Caught in the crossfire

The most surprising of these given its value stance is FCSS, although manager Dale Nicholls has responded to the sell-off by saying that the Chinese tech companies are trading at significant discounts to their global peers. He acknowledged that the business models will probably need to be revised as a result of the regulation, yet said that on a risk-reward basis there is the potential to buy at a comparatively cheap price.

BGCG and JCGI both have more growth-oriented strategies, so their exposure to this area was to be expected. It is yet to be seen how the managers will react, although Baillie Gifford tends to stay focused on long-term growth opportunities and has typically been willing to ride-out periods of market volatility or use them as buying opportunities for its preferred stocks.
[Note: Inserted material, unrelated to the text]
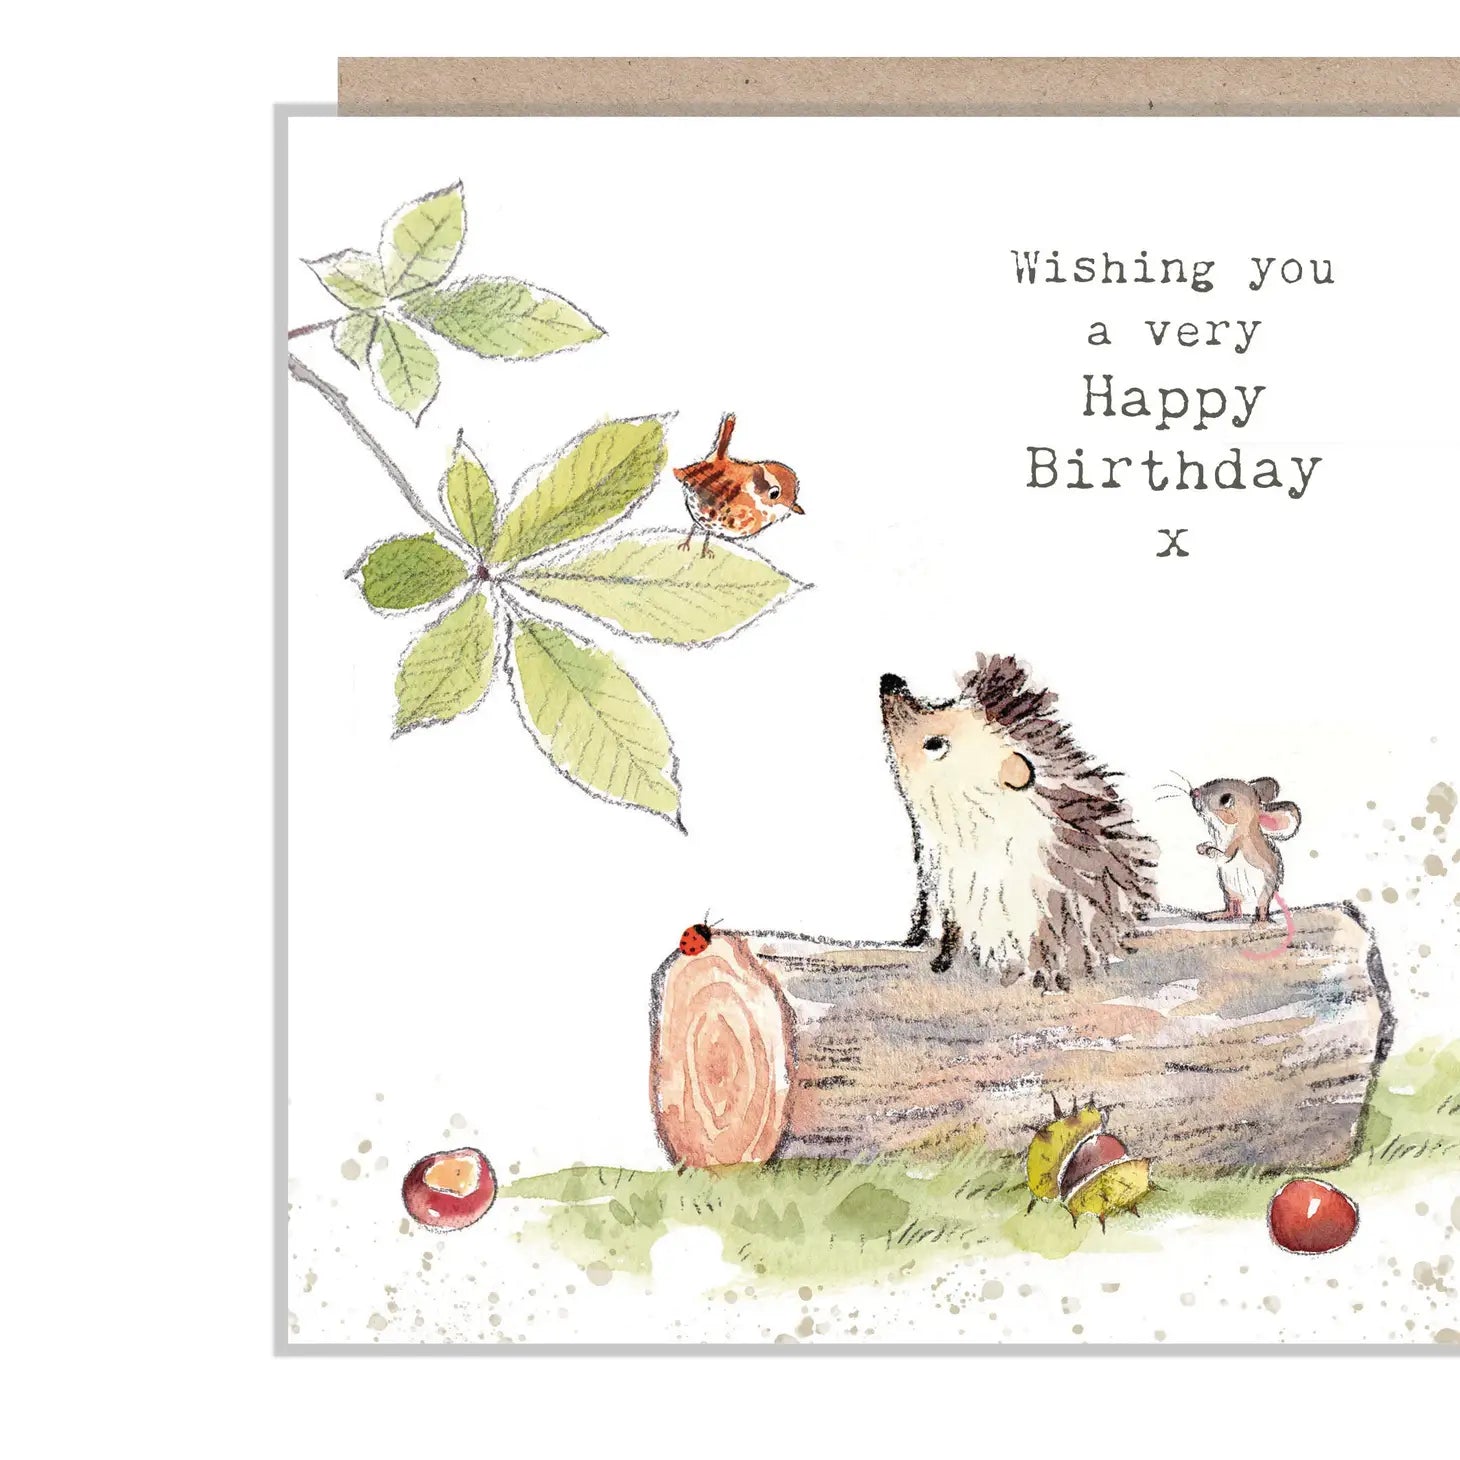 Cute Hedgehog Card - Wishing You A Very Happy Birthday

Those trusts that invest in Asia as a whole have been less affected with Pacific Assets (LON: PAC) having no allocation to the Chinese tech giants as they have not typically met the managers’ definition of quality. Pacific Horizon (LON: PHI) that is run by Baillie Gifford only has a low exposure because it has been rotating out of the sector in favour of more cyclical companies.

Buying opportunity?

The interventions have provided a sharp reminder about the regulatory risks of investing in China and these will persist, although the fears should moderate as the country is well aware of the importance of economic growth and innovation as well as the need to create new employment opportunities. If you are uncomfortable about the high level of government oversight, it would safer to invest in one of the regional Asian trusts where the manager has more scope to mitigate the threat.
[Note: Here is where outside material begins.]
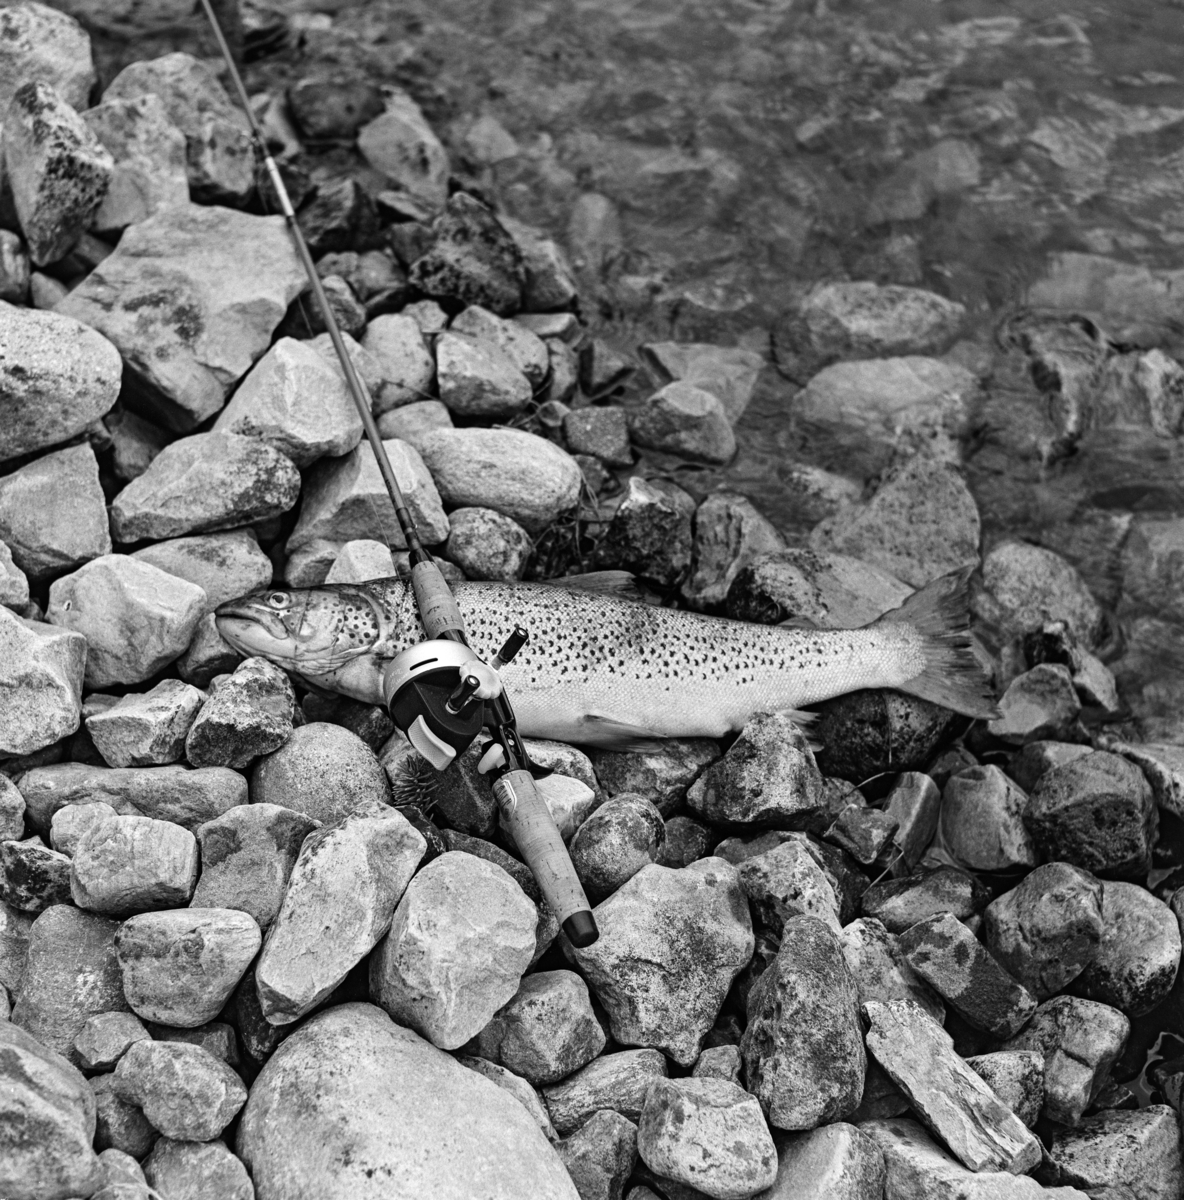 En ørret på 1, 7 kilo som ble tatt i Sennsjøen i Nordre Trysil i Hedmark i 1962.  Fisken er fotografert på et steinete underlag i strandsonen, sammen med slukstanga med lukket haspelsnelle som den ble fanget med.  Sportsfiskeren som tok denne fisken var sannsynligvis identisk med fotografen, Kjell Søgård.

Given the scale of the sell-off it is perhaps surprising that the discounts haven’t really opened up to create any compelling value opportunities, although Numis point out that JPMorgan China Growth & Income stands out as it is available on a small discount, whereas many of its peers still trade at a premium.

They also think that Baillie Gifford’s Pacific Horizon may be an interesting opportunity as it has de-rated even though its direct exposure to the large the tech stocks is quite low. For more defensively minded investors they suggest Pacific Assets that has again proved its resilience, but is much more of a ‘steady Eddie’.